From uncle to nephew, teacher to student, coach to player, friend to friend… 

“It’s not how many times you mess up, it’s how many times you look up, get up, learn and move forward that count and make you who you are.”


I am extremely happy and extremely exhausted almost each and every time that I go for a real ride. This is part of what I deeply enjoy about riding my bike. Mountains, seeing new views, rocks and foliage, gritting it out, sunshine, sweat, and worship, all sound echoes of what it is to truly live. The thirst one feels and quenches with coconut water or an ice-cold squirt from your water bottle remind you of the water of life.

But you also have moments of extreme frustration, wanting to give up, getting dirty, sweat making your hands slip from the handle bars (should buy gloves haha), lacking technique, bug smacking you in the eye and temporarily blinding you, and legs aching, challenging you to continue.
So what I like in the combination of moments is finding lessons to be learned and moments to be grateful for.

Lessons of the week—Asking for help, enjoying “family,” doing hard things and not giving up when you’re not the best, going without brakes and without breaks, and life is messy.

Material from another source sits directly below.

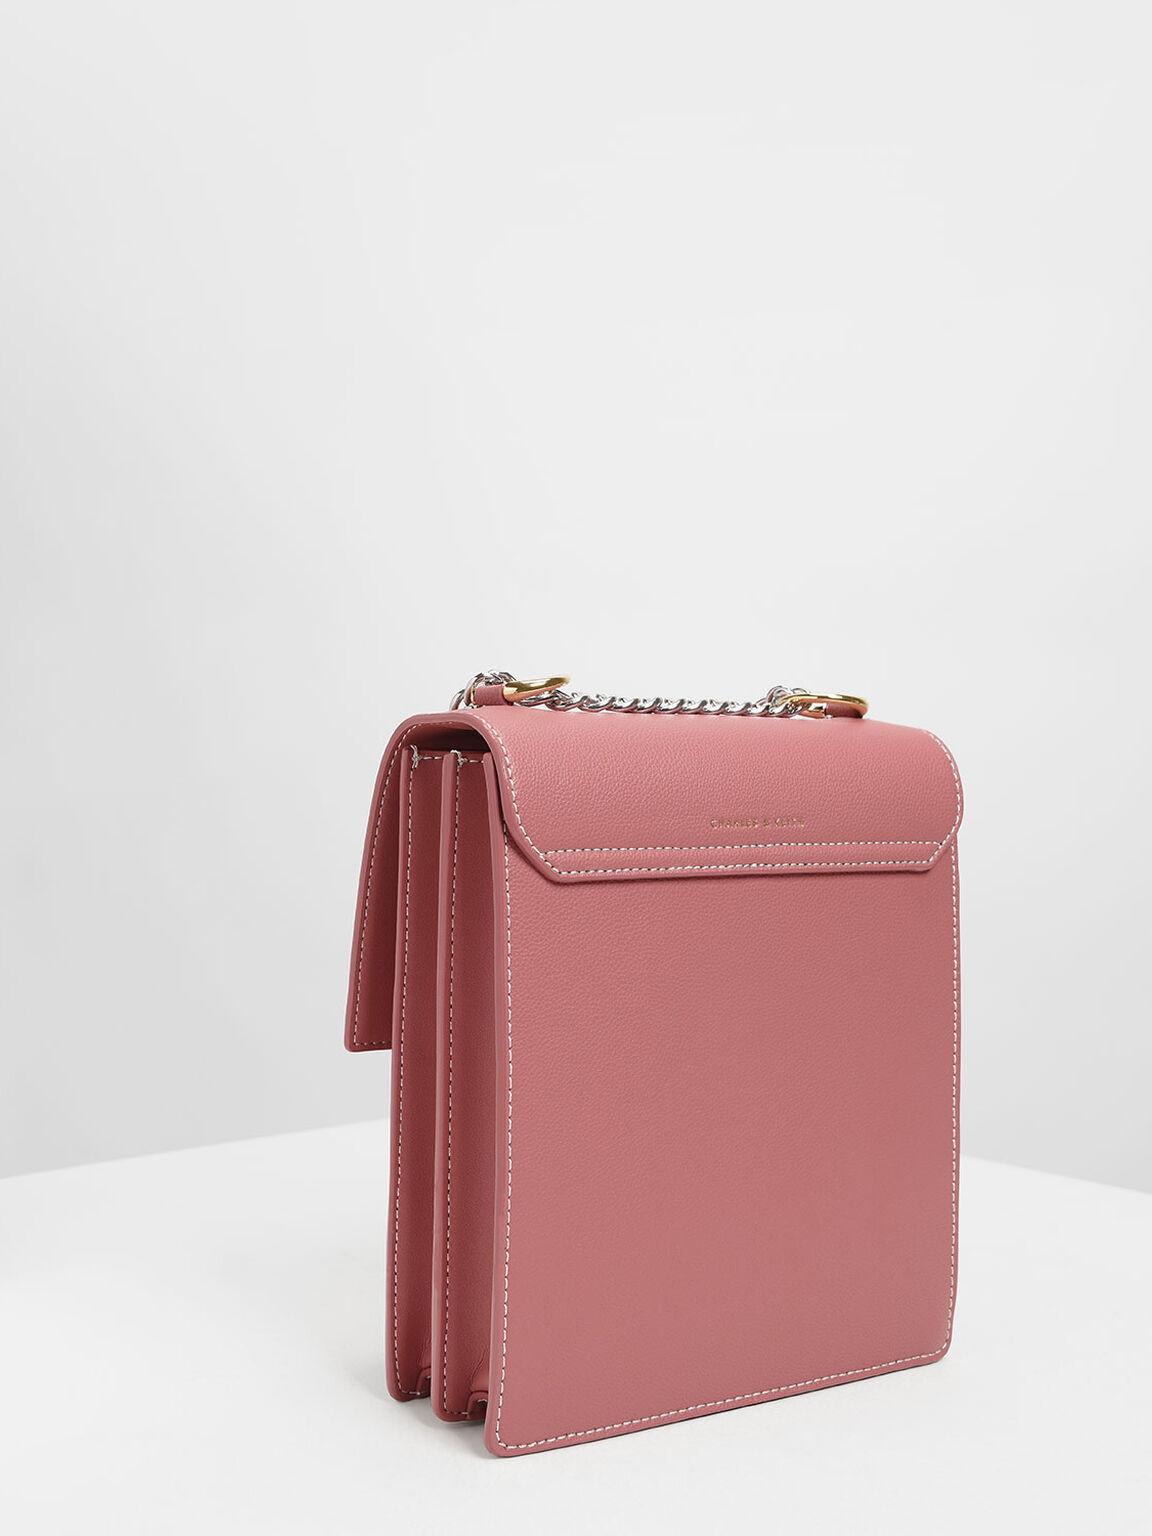 Chain Strap Portrait Messenger Bag, Pink, hi-res

So, we took a new route  (we, meaning my co-worker, Henry and his friend, Louis, whose daughter is probably mortified that he rides bike with a teacher from school haha) up into the mountains behind Santa Ana. I am an addict of novelty and difficulty, so I was definitely up for it.

[However, I was overly tired from lack of sleep and other factors, which I felt from the get-go, and new things/new routes are always a little difficult to navigate, based on the fact that you don’t know how long each hill, the next turn, the terrain, the whole thing is going to last—when to exert, when to hold back, when to rest, etc. This applies to life on the whole, as well.]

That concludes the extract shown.